I have tried hours to prove this, but couldn't. I found some solutions, but ridiculously all are wrong. Every solution states that "If $x\in E$ and $x$ is not an interior point of $E$, then $x$ is an endpoint of a segment of at most countable collection of disjoint segments.". However, this is indeed false! (Check Arthur's argument in the link above)
Wrong solution Q4.5;
http://www.math.ust.hk/~majhu/Math203/Rudin/Homework15.pdf
Just like the argument in this solution, i can see that $g$ is continuous on $E^c$ and $Int(E)$. But how do i show that $g$ is continuous on $E$?

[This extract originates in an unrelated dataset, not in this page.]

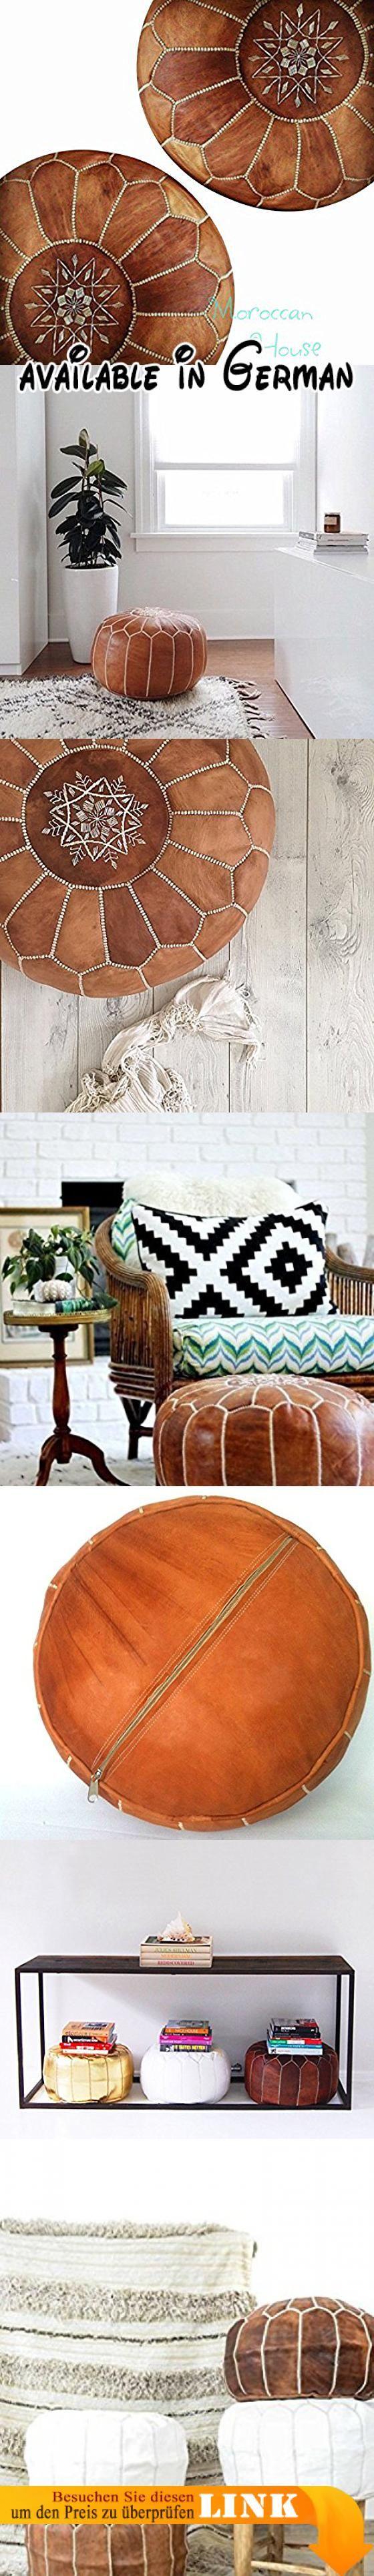 die besten 25+ marokkanische wohnzimmer ideen auf pinterest ... - Moderne Marokkanische Wohnzimmer

 A: A constructive and explicit proof proceeds as follows. Since $E$ is closed, $U=\mathbb{R}\setminus E$ is a countable union of disjoint open intervals, say, $U=\bigcup (a_n,b_n)$. Necessarily, we must have that $a_n,b_n\in E$. Define $f(x)$ as follows. 
$$ f(x) = 
\begin{cases}
g(x) &\text{if }x\in E \\
\frac{x-a_n}{b_n-a_n}g(b_n)+\frac{b_n-x}{b_n-a_n}g(a_n) & \text{if }x\in[a_n,b_n] 
\end{cases} $$
Notice first that $f(x)$ is well-defined and also, for all $x\in(a_n,b_n)$, either $g(a_n)\le f(x)\le g(b_n)$ or $g(b_n)\le f(x)\le g(a_n)$ depending on whether $g(a_n)\le g(b_n)$ or otherwise. Clearly, $f$ is continuous on $U$. Now suppose that $x\in E$ and $\epsilon>0$. Then there are a few cases. 
Case 1: Suppose that for every $\eta>0$, $(x-\eta,x)\cap E\not=\emptyset$ and $(x,x+\eta))\cap E\not=\emptyset$. Then since $f\vert_E=g$, there is some $\delta>0$ such that if $y\in E$ and $\vert x-y\vert<\delta$ then $\vert f(x)-f(y)\vert<\epsilon$. Because of the condition we have for Case 1, we may choose some $x_1,x_2\in E$ with $x-\delta<x_1<x<x_2<x+\delta$. Choose $\delta'=\min\{x-x_1,x_2-x\}$. If $\vert y-x\vert<\delta'$, then if $y\in E$, we're done. If $y\in U$, then $y\in(a_m,b_m)$ for some $m\in\mathbb{N}$. Furthermore, $a_m,b_m\in E$ and are within $\delta$ of $x$. Also, $f(y)$ is lies between $g(a_m)$ and $g(b_m)$. Thus $f(y)$ is within $\epsilon$ of $f(x)$ since $f(a_m)=g(a_m)$ and $f(b_m)=g(b_m)$ are within $\epsilon$ of $f(x)$. 
Case 2: There is some $\eta>0$ for which $(x-\eta,x)\cap E=\emptyset$ or $(x,x+\eta)\cap E=\emptyset$. In this case, $x$ is an endpoint of one of the intervals of $U$. Thus $f$ is linear on either $[x,x+\eta)$ or $(x-\eta,x]$ (maybe both). Certainly, we can get a $\delta>0$ corresponding to $\epsilon$ on this side of $x$. For the other side of $x$, use the argument from Case 1 to get some $\delta'$. Choosing $\delta''=\min\{\delta,\delta'\}$ proves the result. 
A: This is a special case of the Tietze extension theorem. This is a standard result whose proof can be found in any decent topology text. A rather different proof can be found here.